Dimensions sheet: 25.3 x 20.3 cm (9 15/16 x 8 in.)

Editor: Robert Frank’s gelatin silver print, "Street scene—Chattanooga, Tennessee," from 1955... It has such a raw, documentary feel. It's gritty, not posed. What strikes you about it? Curator: The immediate impact is the stark materiality of the print itself. Consider the means of production: Frank, armed with his Leica, capturing a specific moment on film, a technology that democratized image-making. What labor went into this image? The development, the printing—are those processes visible in the final artifact? Editor: I hadn’t thought about that side of photography.
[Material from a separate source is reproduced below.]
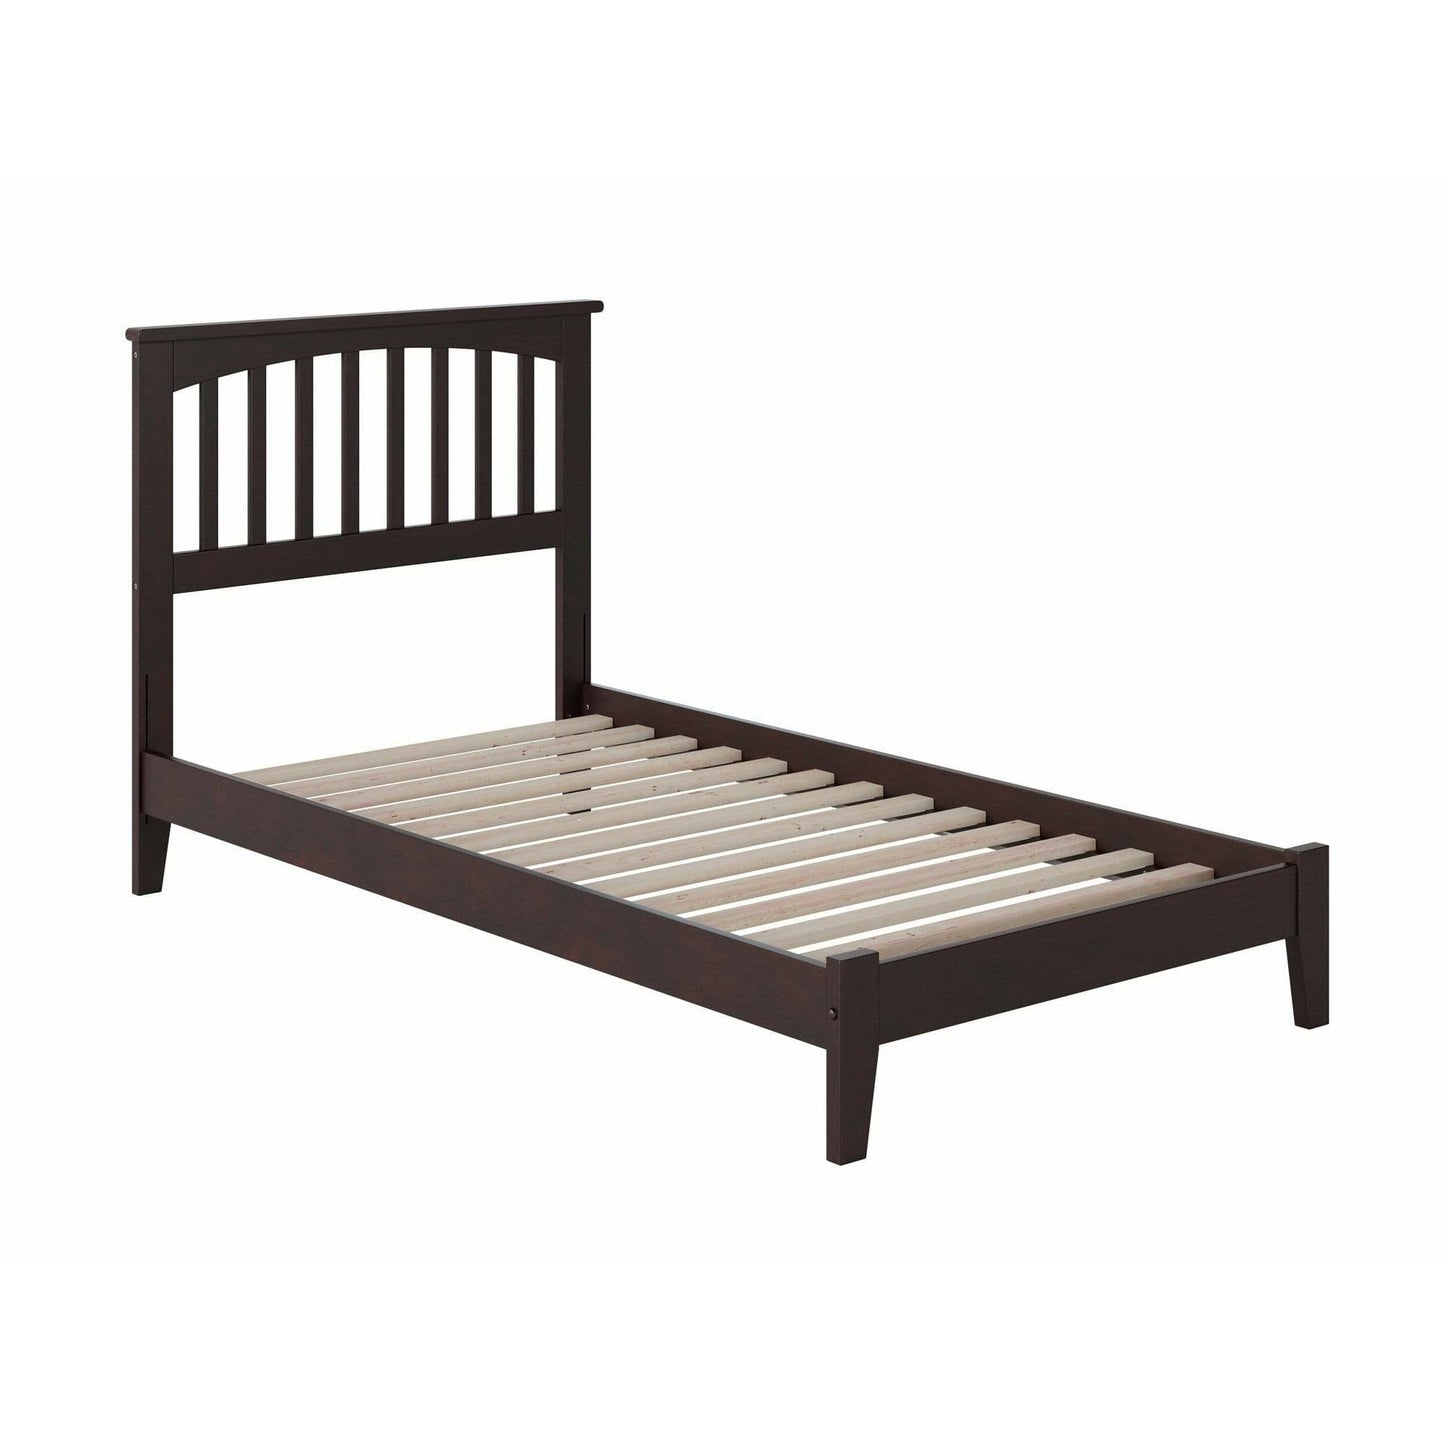 Atlantic Furniture Bed Mission Twin Platform Bed with Open Foot Board in Espresso

Curator: Look at the overalls worn by the man front and center. What labor do those represent? What social class? Consider also the labor implicit in "street." The work, likely poorly compensated, to build roads and buildings depicted as a backdrop. Editor: So the photograph isn't just *of* something, but it *represents* production itself. I see that. What about the consumption implied in a 'street scene'? Curator: Absolutely. Frank captures a nexus of activity. Shops are shown at the streetfront, inviting citizens to spend their wages in shops made by those that wear clothes like the person in the foreground. What kind of narrative about consumerism and class division is this image constructing? And whose narrative gets prominence? Editor: I initially thought this photograph just depicted an ordinary street. But considering materials, process, and class it suddenly has layers. I’m viewing art as a story of people producing, working, consuming. Thank you. Curator: Indeed! And considering how technologies such as film democratize that production and consumption narrative.